Published in AI

AI chips will become less GPUish

by on23 September 2024


More AI standard

Graphics processing units so far have dominated the bulk of training and running large-scale AI models, but that could be set to change.

AMD chief executive Lisa Su said that  GPUs are currently the architecture of choice for large language models because they’re very efficient for parallel processing and give you just a little bit of programmability.

“Do I believe that that will be the architecture of choice in five-plus years? I think it will change.”

What Su expects in five or seven years isn’t a shift away from GPUs, but rather a broadening beyond GPUs.

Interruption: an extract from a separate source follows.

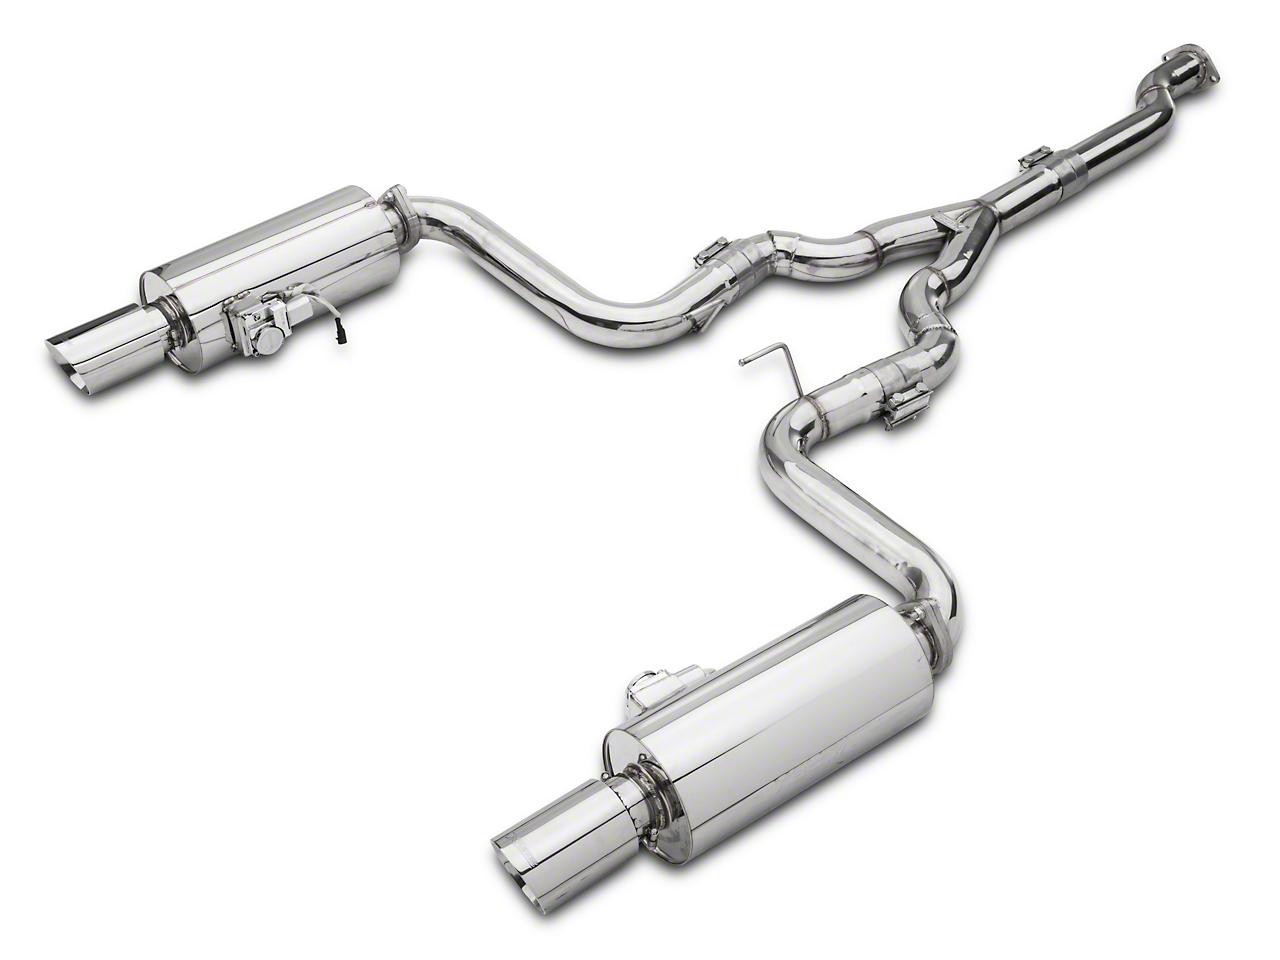 X-Force Varex Catback Exhaust (15-16 Ecoboost)
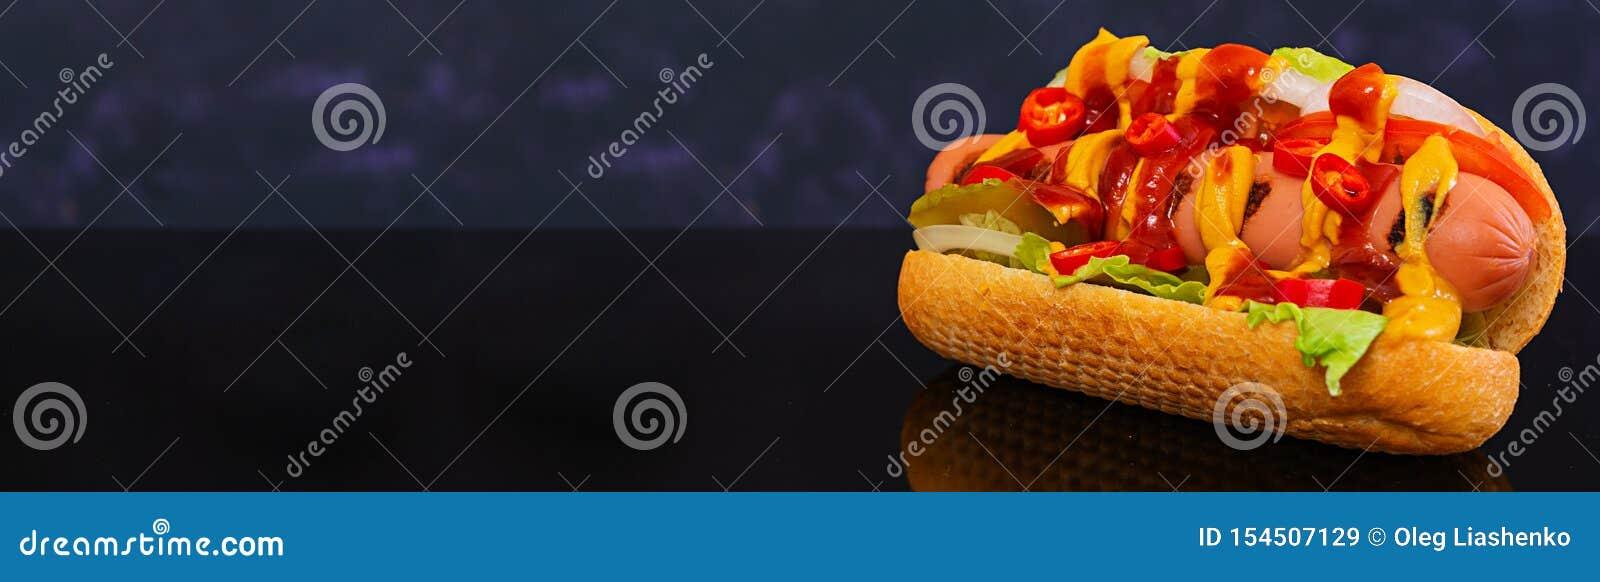 Delicious homemade hot dog on dark background. Banner

Large cloud providers like Amazon.com and Google have developed custom AI chips for internal use, such as Amazon’s AWS Trainium, AWS Inferentia, and Google’s tensor processing units, or TPUs. These are built to execute only specific functions: Trainium can only train models, for example, while Inferentia can only run inference, a less intensive process than training in which models process new information and respond.

Broadcom CEO Hock Tan said in an internal address this year that his company’s custom chip division, which mainly helped Google make AI chips, was bringing in over $1 billion in operating profit a quarter.

Shifting to custom chips has advantages. They can be more energy efficient, cheaper and smaller because they can be hard-wired to a given degree: they can perform one specific function, run one specific type of model or even one specific model.

However, the market for super-custom, application-specific chips is far into the future but the fact that it is being talked about at this point is a sign of how much thought is going into AI’s future.  

Su said that there is also no one-size-fits-all when it comes to computing.

“AI models in the future will use a combination of different types of chips, including today’s dominant GPUs and also more specialized chips still to be developed, for various functions. There will be other architectures,” she said. “It’s just that it’ll depend on the evolution of the models,” she said.